If you can, somehow, continue to adapt, eventually you self will bear little resemblance to your current self and you will have little more reason to identify with that self than with your future children. In other words, your immortality will be superfluous.
The whole concept of eternal family that includes both immortality and family life is a bit of a chimera that results from a societal transition to K strategy and the increasing desire for individual immortality that comes with it. But the psychology of immortality is ultimately inconsistent with sexual reproduction.
A Biblical Perspective
There is something special about the language of the Bible. One of my favorites passages is the parable of the unjust steward:
There was a rich man who had a manager, and charges were brought to him that this man was wasting his possessions. And he called him and said to him, ‘What is this that I hear about you? Turn in the account of your management, for you can no longer be manager.’ And the manager said to himself, ‘What shall I do, since my master is taking the management away from me? I am not strong enough to dig, and I am ashamed to beg. I have decided what to do, so that when I am removed from management, people may receive me into their houses.’ So, summoning his master's debtors one by one, he said to the first, ‘How much do you owe my master?’ He said, ‘A hundred measures of oil.’ He said to him ‘Take your bill, and sit down quickly and write fifty.’ Then he said to another, ‘And how much do you owe?’ He said, ‘A hundred measures of wheat.’ He said to him, ‘Take your bill, and write eighty.’ The master commended the dishonest manager for his shrewdness. For the sons of this world are more shrewd in dealing with their own generation than the sons of light. And I tell you, make friends for yourselves by means of unrighteous wealth, so that when it fails they may receive you into the eternal dwellings.
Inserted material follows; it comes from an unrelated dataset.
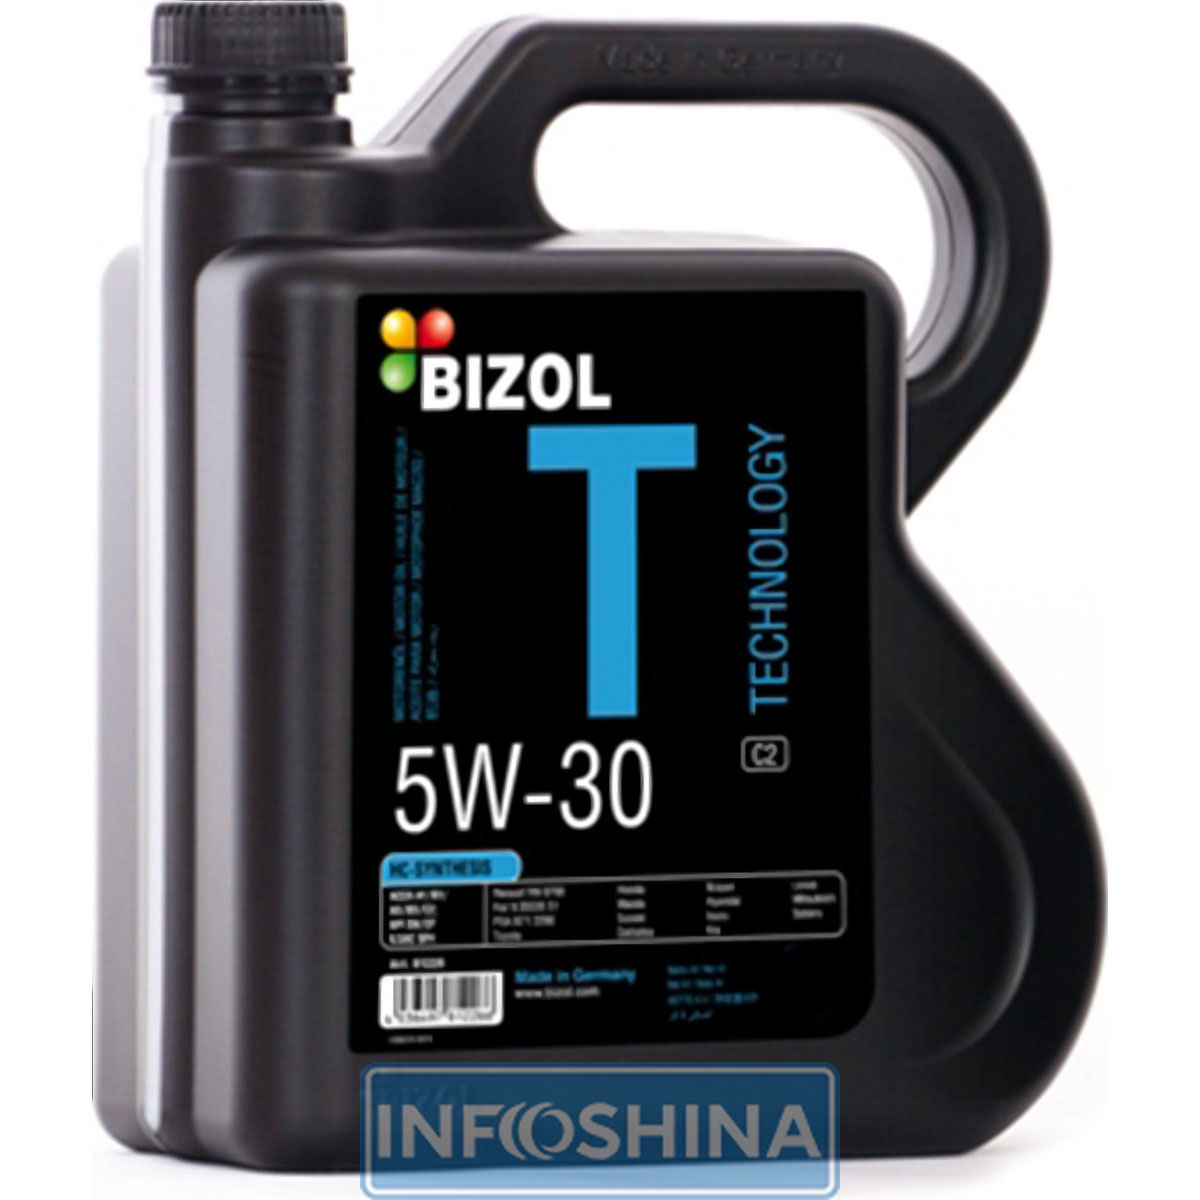 Bizol Technology 5W-30 507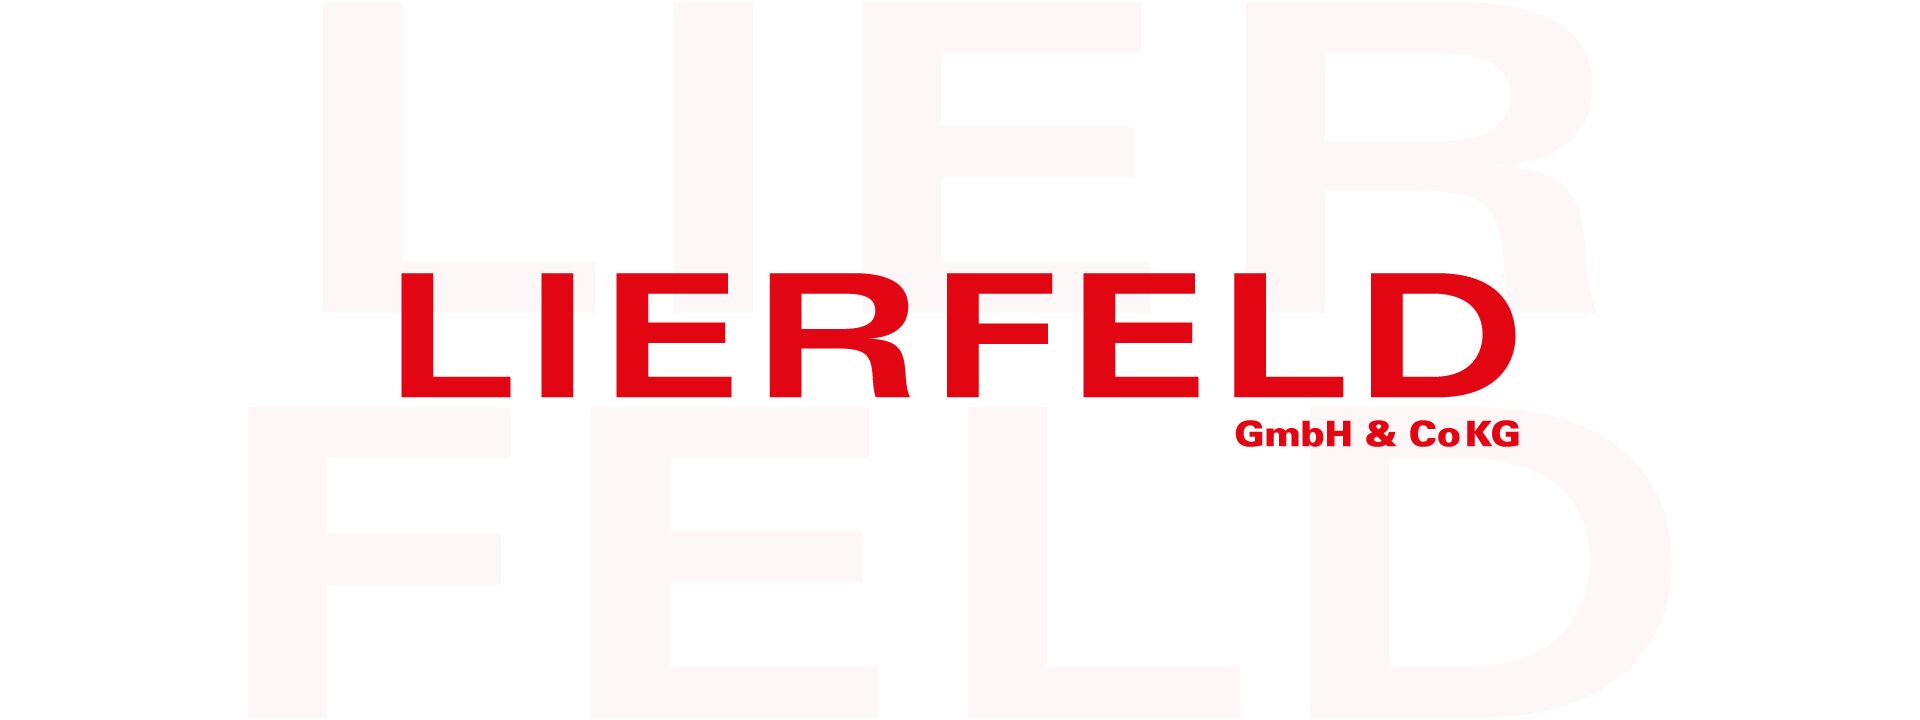 Details Lierfeld GmbH & Co. KG

As with any parable, there are many interesting interpretations. But my favorite is that the money represents life. Our life is not our own. Currently, we are not “strong enough to dig” and preserve it. The best we can do is give it away, even though it is not ours. by giving it away we achieve eternal life. The primary recipients of the life that we give is our children. But what happens when we do gain the power to “dig”? That is, what happens when we can preserve life for ourselves?
In a subsequent verse, it is written:
No servant can serve two masters, for either he will hate the one and love the other, or he will be devoted to the one and despise the other.
Similarly, when humans achieve the power of immortality we will have a choice. But we will ultimately be unable to choose both immortality and family. Therefore, to paraphrase another scripture: choose you this day whom ye will serve; whether the gods of reproduction, from whence we came, or the gods of immortality, in whose land ye dwell: but as for me and my house, we will serve the Family.